На протяжении всей этой отповеди голос сенатора неизменно повышался, у него появилась шумная одышка. Петерсон произнес:
— Полегче, парень. Полегче, дорогой Том.
Шелгрин понимал, что все звучит неразумно, но это глубоко запало ему в душу. Его контакт с Лизой — теперь Джоанной — был минимальным и всегда через третьи руки — этакий мостик с движением только в одну сторону, построенный из хлипких листков бумаги. За более чем десятилетие между ним и его дочерью не было ни одного живого слова. Поэтому-то он так ревниво отстаивал те несколько минут чтения первого числа каждого месяца.
— В тот день, на Ямайке, когда мы все это устроили, — говорил Шелгрин, — вы пообещали мне, что будете давать донесения о ее успехах. Я не был готов к тому, что буду полностью отрезан от нее. Я хотел знать, что она делала. Мы договорились, что донесения будут в письменной форме. И они всегда были такими. Четыре страницы, пять, иногда шесть или семь. Всегда в письменной форме. Вы вручали мне донесение, и я читал его при свете фонарика в этом чертовом едущем автомобиле. Затем я отдавал его вам обратно, и вы уничтожали его. Вот как у нас заведено, Петерсон. Вот так всегда это проходило. Так мы договаривались. Я не одобряю никаких изменений. Я просто не позволю такое!

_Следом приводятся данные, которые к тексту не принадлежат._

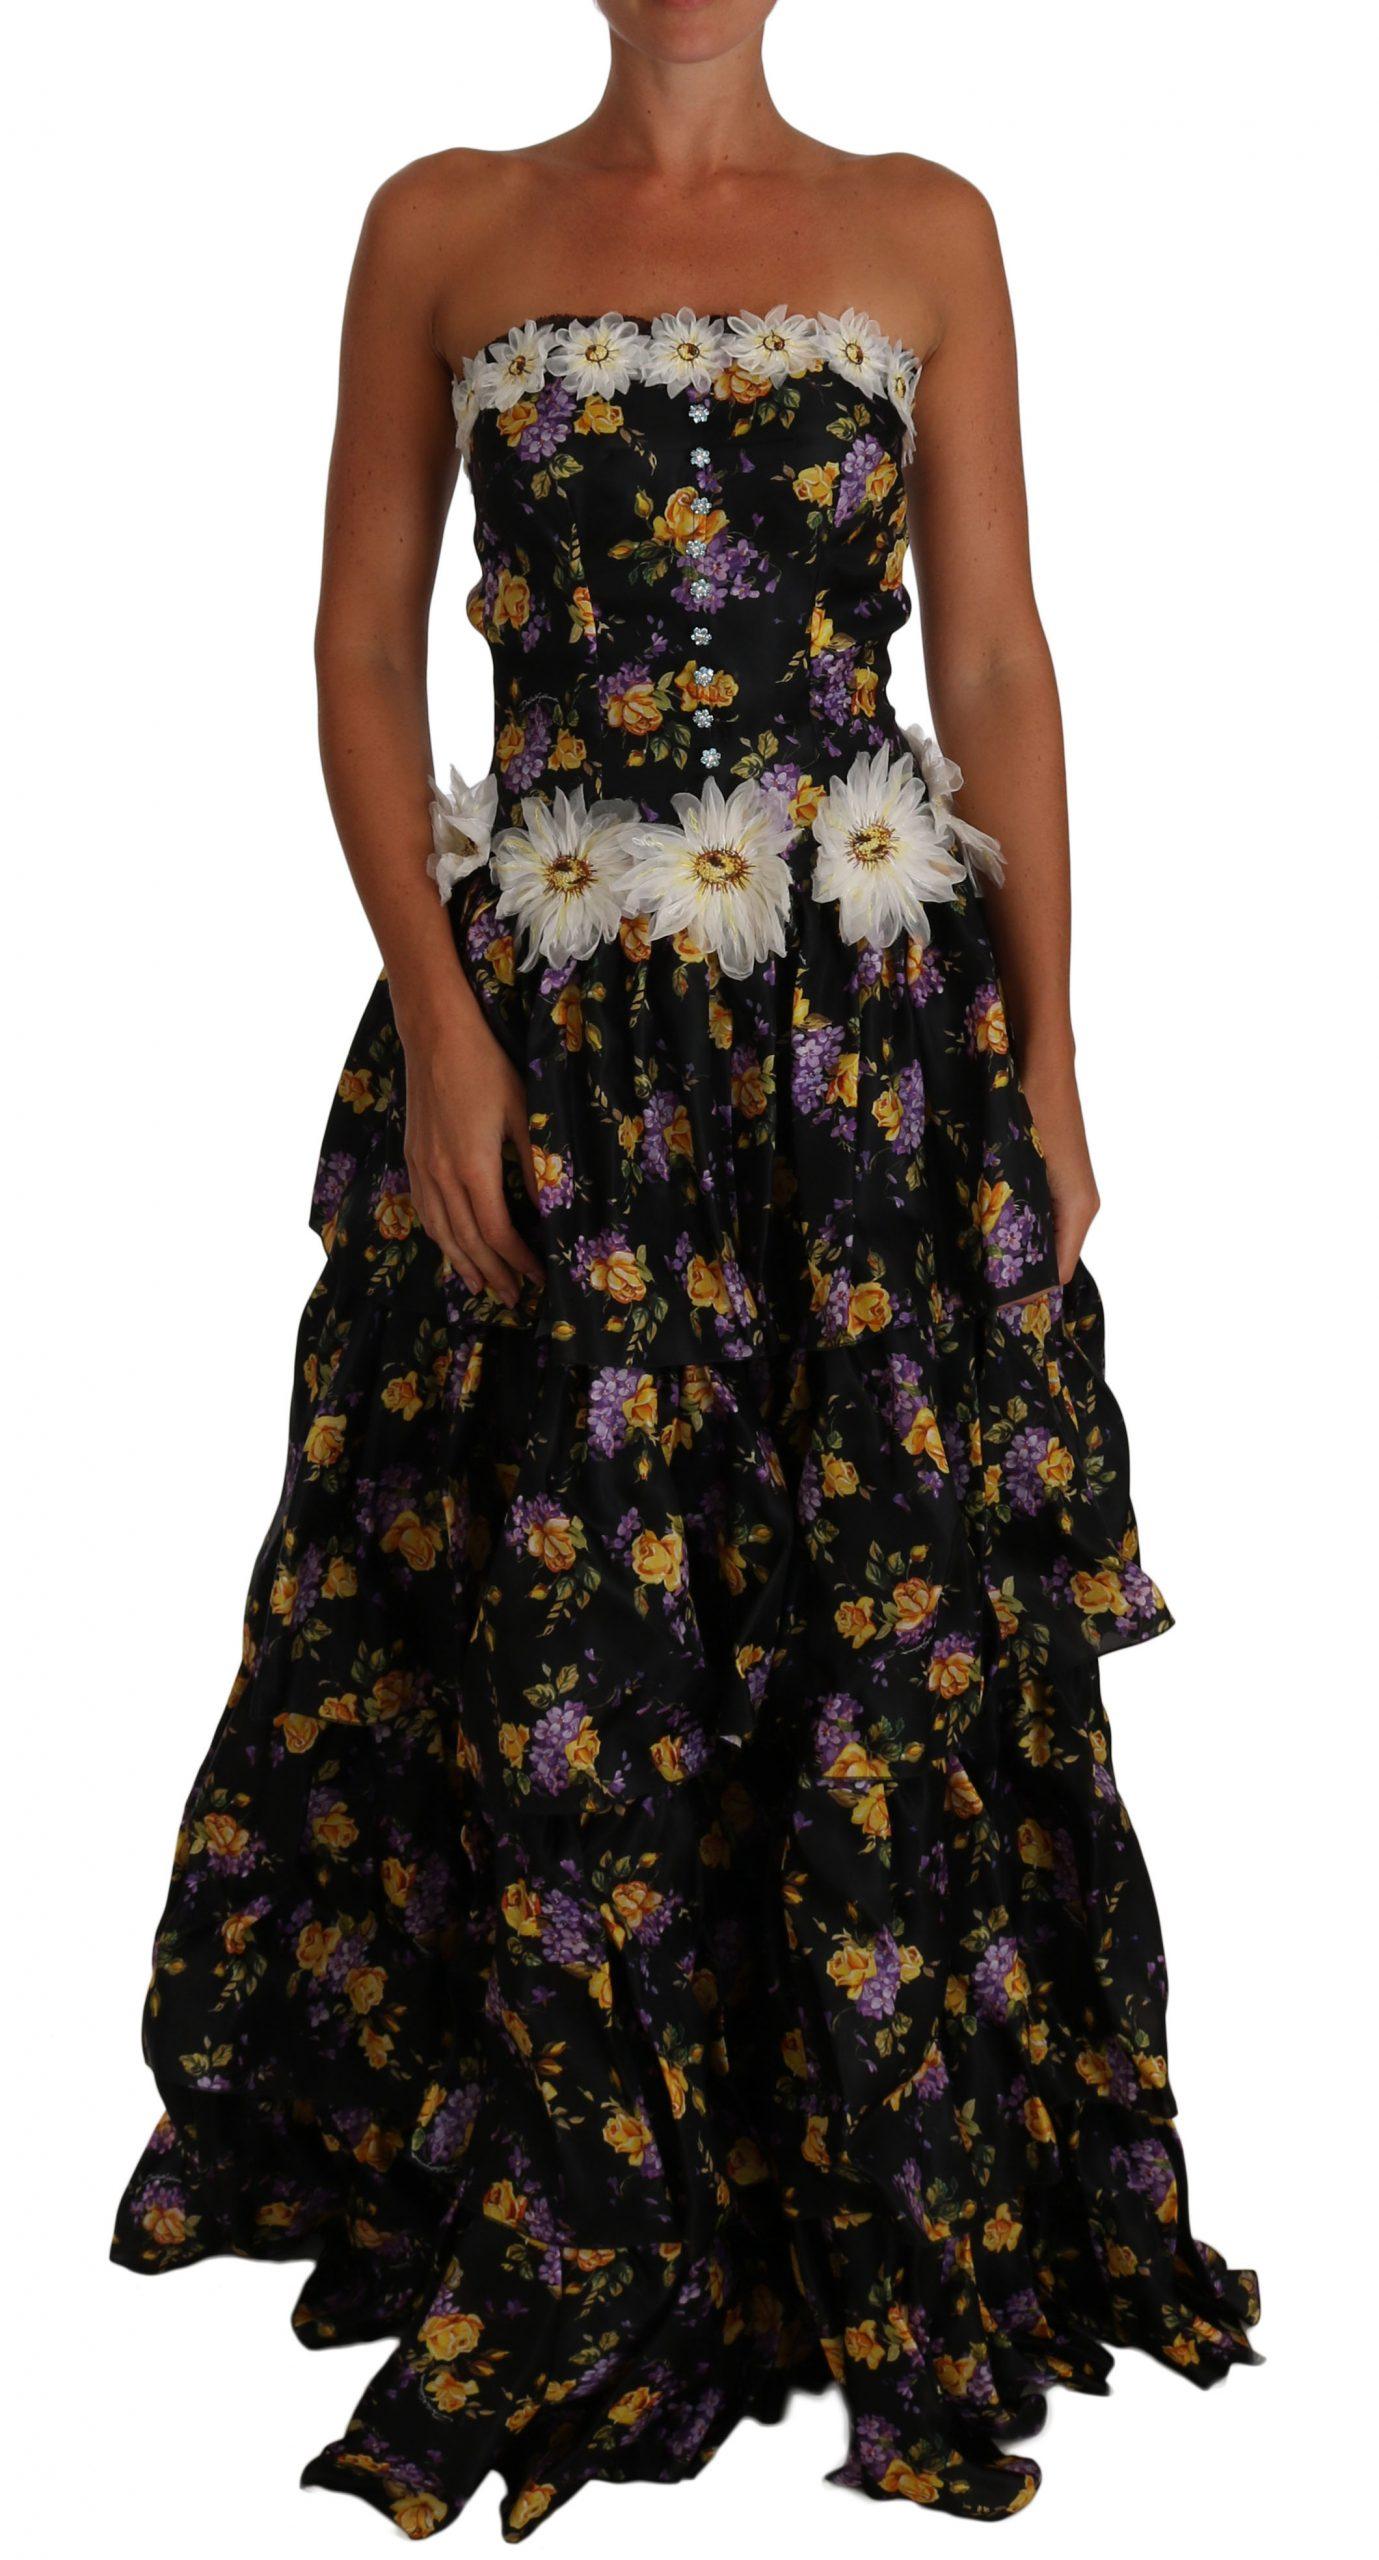 Dolce & Gabbana Women's Sartoria Ball Floral Crystal Dress DR1074 - IT36   S

— Успокойтесь, дорогой Том.
— Не называйте меня так!
— Не надо кричать.
— У вас, по крайней мере, есть фотографии?
— О, да. Несколько фотографий. Очень интересных.

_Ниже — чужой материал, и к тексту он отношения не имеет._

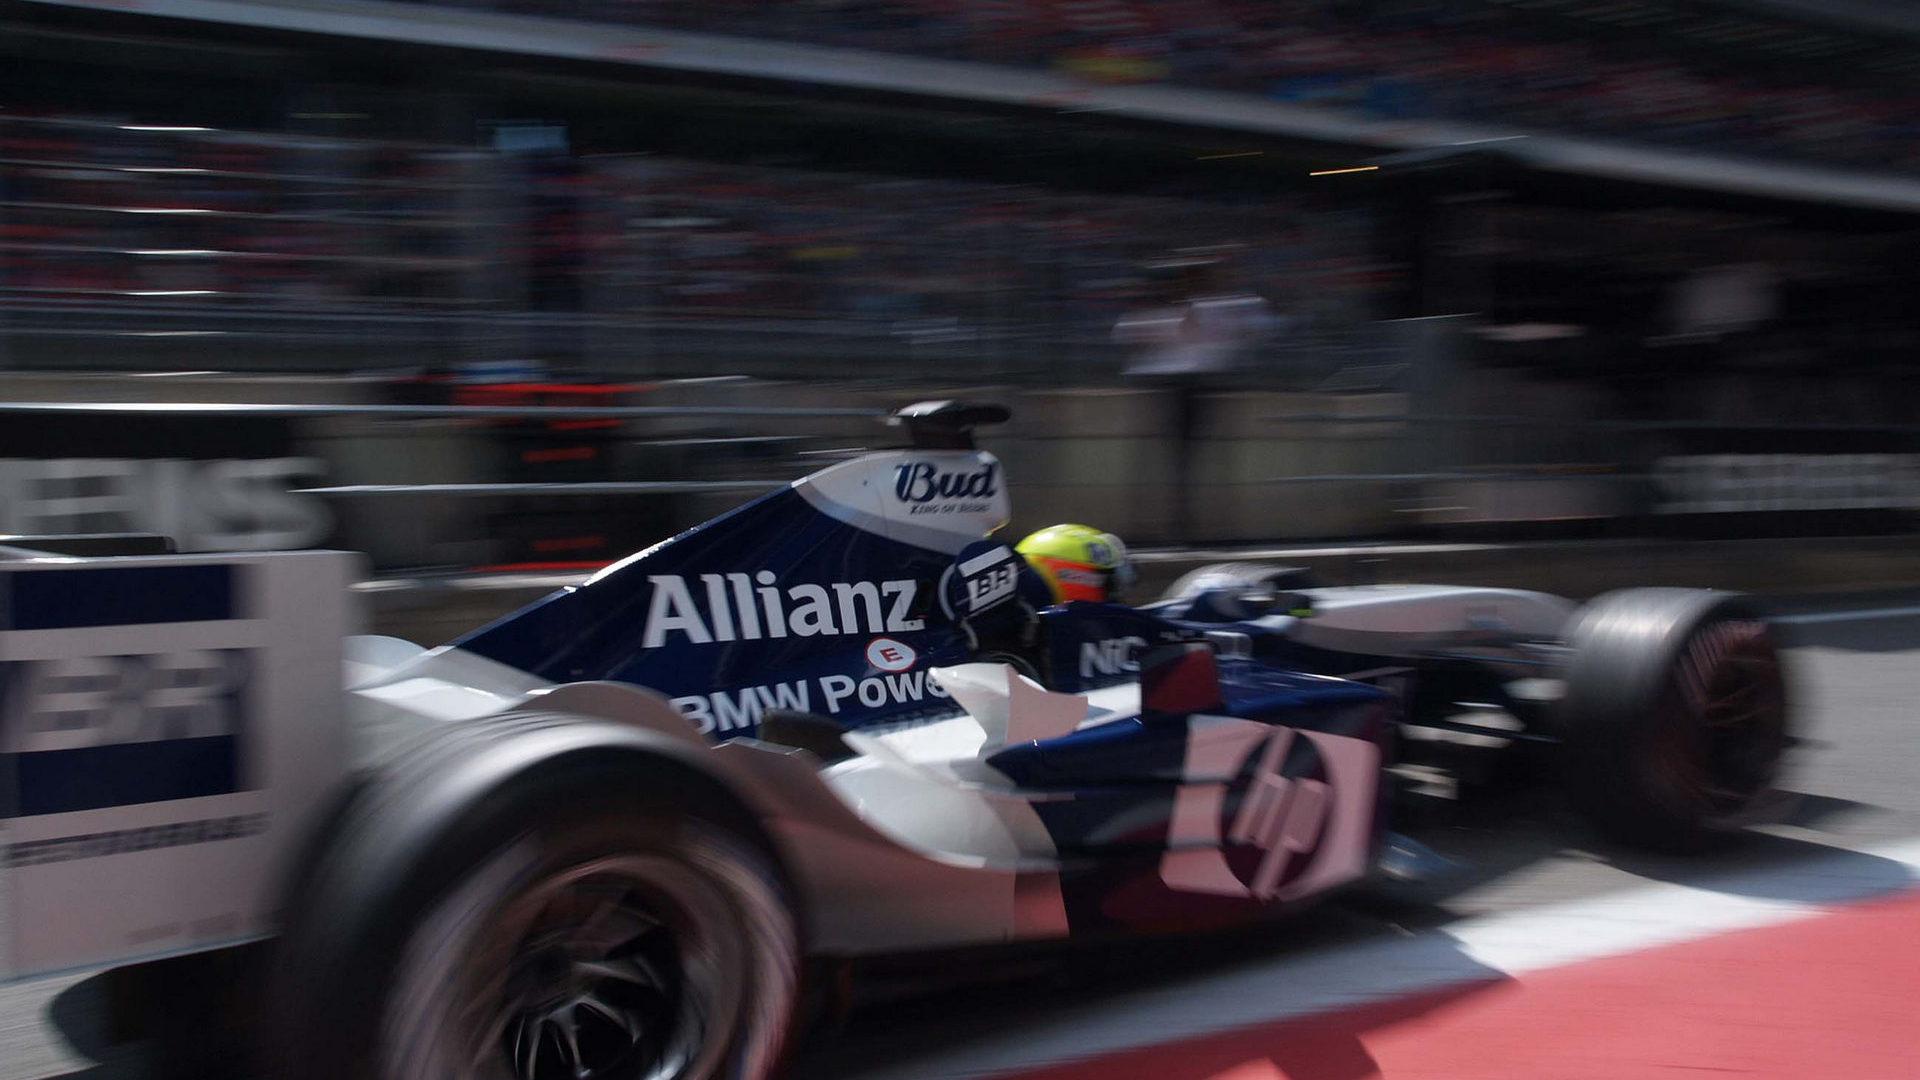 HD Wallpapers 2004 Formula 1 Grand Prix of Spain  F1

— Позвольте мне посмотреть.
— Они требуют кое-каких разъяснений.
— Каких разъяснений? Это фотографии моей дочери. Я знаю, кто она. Я... — Вдруг он остановился. От жуткого страха слова застряли в горле. Он закрыл глаза. Во рту было сухо. — Она... с ней что-нибудь случилось... мертва?
— Ну, нет, — сказал Петерсон. — Нет, нет. Ничего такого, дорогой Том.
— Это действительно так?
— Конечно. Если бы было иначе, я не стал бы придерживать такие новости, ни за что на свете.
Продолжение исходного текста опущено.